Our Story, as told by Lara:
I married the love of my life and my best friend, Trey, four years ago. We met when we were freshmen in college, and I knew right away I wanted to marry him. We waited until I was done with grad school before getting married. Although we had been together for nearly eight years when we got married, we decided to put off trying to start a family because he was in the Navy and I was only working part time at my job. We were proud of ourselves because we thought we were being responsible and that waiting was the right thing to do.
My wake up call came in the summer of 2014. Something was wrong with me and I finally went to see my gynecologist. She did several tests, one of which was to check for cancer; this was the most terrifying twenty-four hours of my entire life. I was eventually diagnosed with PCOS. We immediately decided to start trying to become pregnant and I was put on Clomid. I never had a confirmed ovulation and never became pregnant. Meanwhile, my friends and family were having babies left and right and I was torturing myself going to baby showers, buying presents for the babies, and thinking to myself “What are we doing wrong?”
I was referred to our fertility specialist when all the doses of Clomid did not make me ovulate. In the past seven months I have tried Letrozole, which caused one confirmed ovulation, and three rounds of Gonal-F that did make me ovulate twice, but unfortunately did not result in a pregnancy. We have decided to skip doing IUIs so that we can save our time and money towards doing an IVF cycle.
We are already preparing to be parents. I have a “mom car” and we bought a house with enough room to grow into. The room next to ours is “the baby’s room” but there is no baby to put in it. I have my husband’s baby blankets to put on a crib that I can’t buy yet. My heart aches to be a mother.
In all of our time together I have always had a vision of us as parents; lots of kids running around, taking vacations to the beach with my parents and to ski with my husband’s parents. I imagine us teaching them about the world and how to make it a better place. How Trey would have to be the one to help them with their math homework because I don’t remember anything past geometry, and how sad and proud I would be when they left home for college. I can see all this for us; we are already parents, but without children. I fell in love with Trey for so many reasons: his sense of humor, his intelligence, and how he makes me feel loved and cherished. He has all those amazing qualities that great dads have, and it hurts me so much that I am the reason he is not a father.

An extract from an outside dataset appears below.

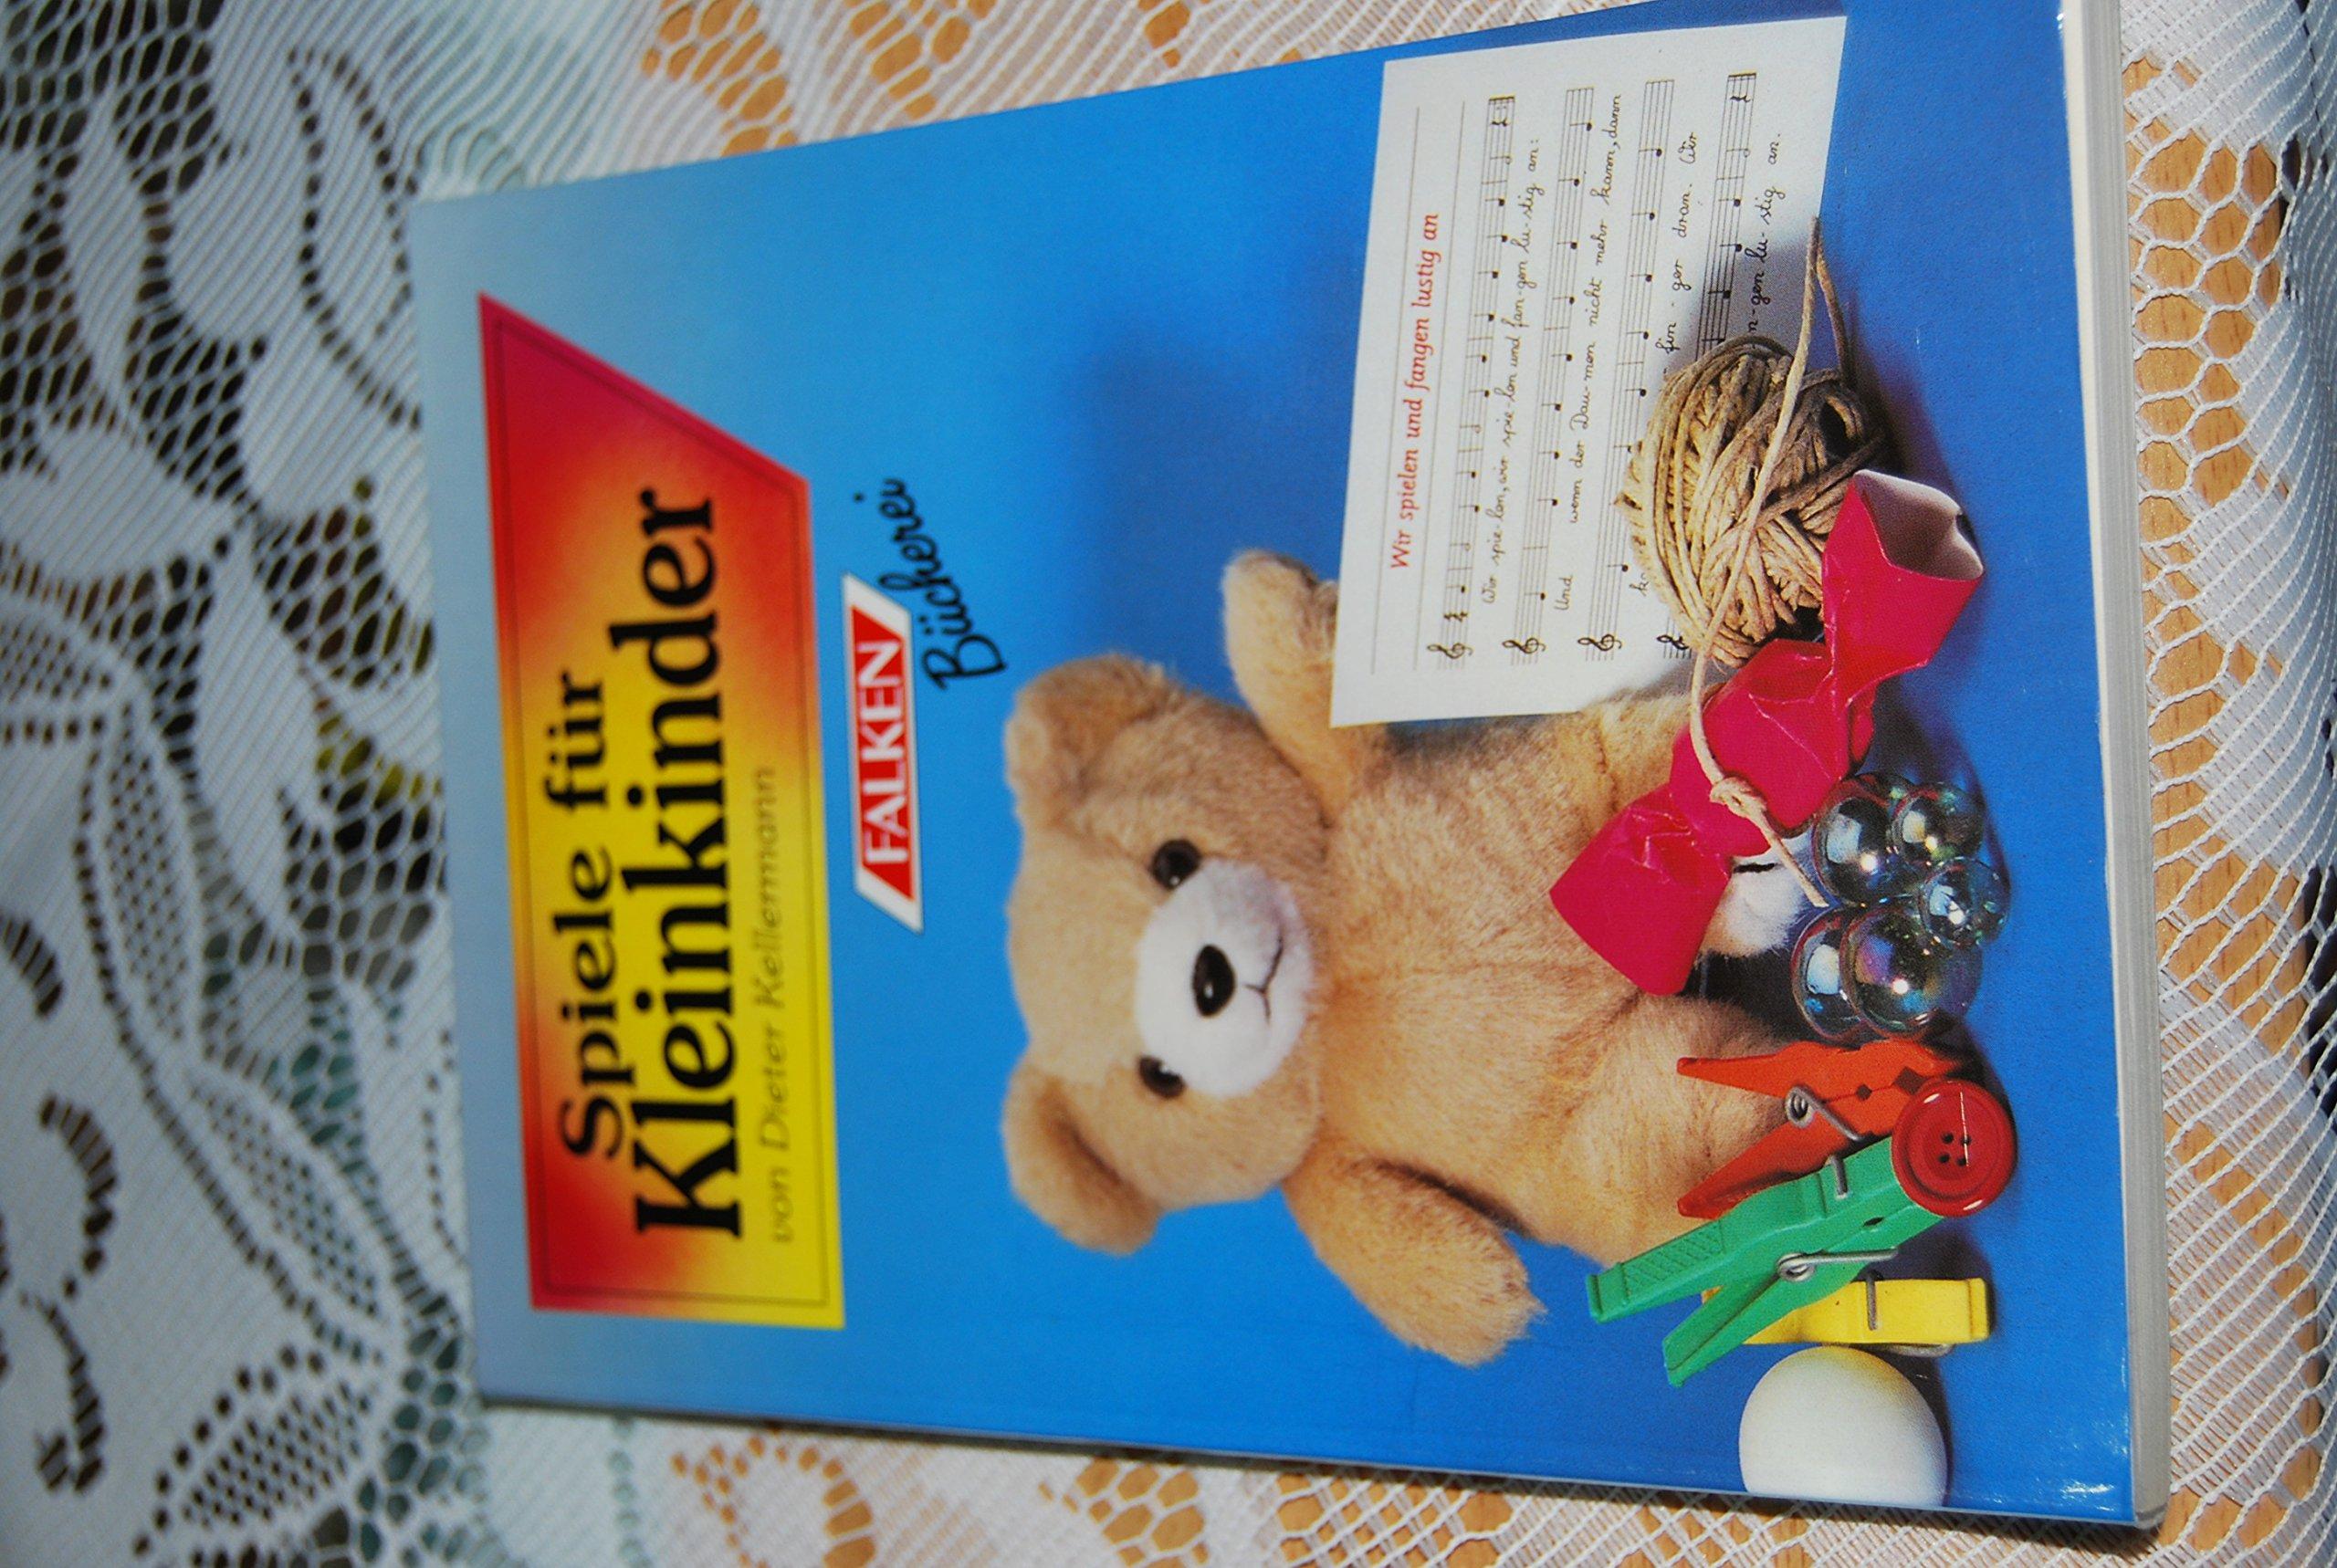 Spiele für Kleinkinder. ( Spiele Bibliothek).
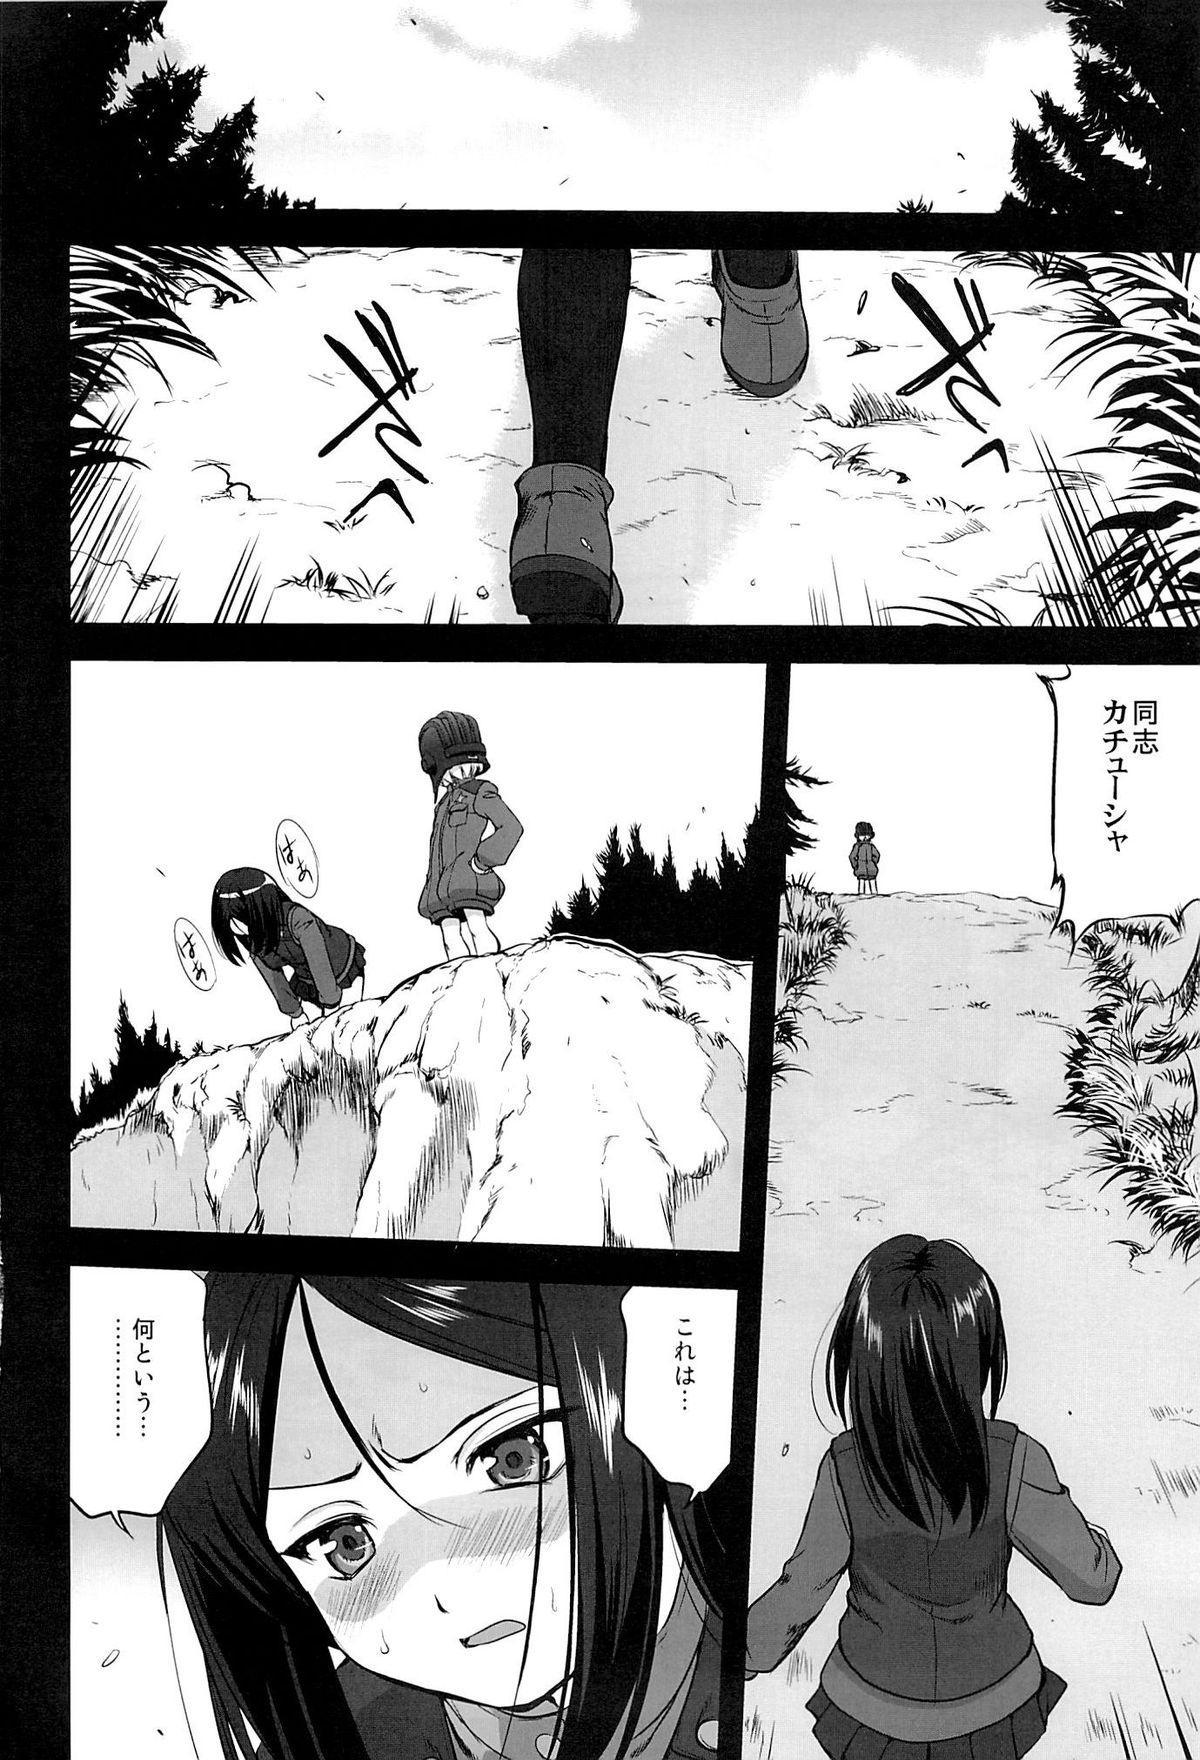 Yukiyukite Senshadou Kuromorimine no Tatakai 2

We have two nieces and one nephew who we absolutely adore. We understand that there’s a chance that having our own family may never happen, and if that’s where our journey leads us then we will eventually become okay. We will learn to be all right with it. If that’s where we end up, we’ll just continue being the most awesome aunt and uncle for our nieces and nephew.
We need an opportunity to raise funds because I am a state employee and Trey is working on his MBA at night while completing an internship at the Virginia Housing Dept Authority during the day. Needless to say, we live on a strict budget. I wasn’t expecting to have any issues getting pregnant, but I had them all the same. Our insurance paid for a good portion of testing to get a confirmatory diagnosis of PCOS/infertility, but after that we were pretty much on our own with fertility treatment costs.
Our journey has been lonely, it has been challenging, and we have felt raw emotions and gone through ordeals we never could have imagined. Imagine our excitement when we were chosen as a Featured Couple for 2017! We are so grateful and so excited about this opportunity to raise funds for our pathway to parenthood. We are excited to share our story and to raise awareness about infertility.
Thank you to everyone who has loved us and supported us during our fertility journey. We hope to see you all at the race!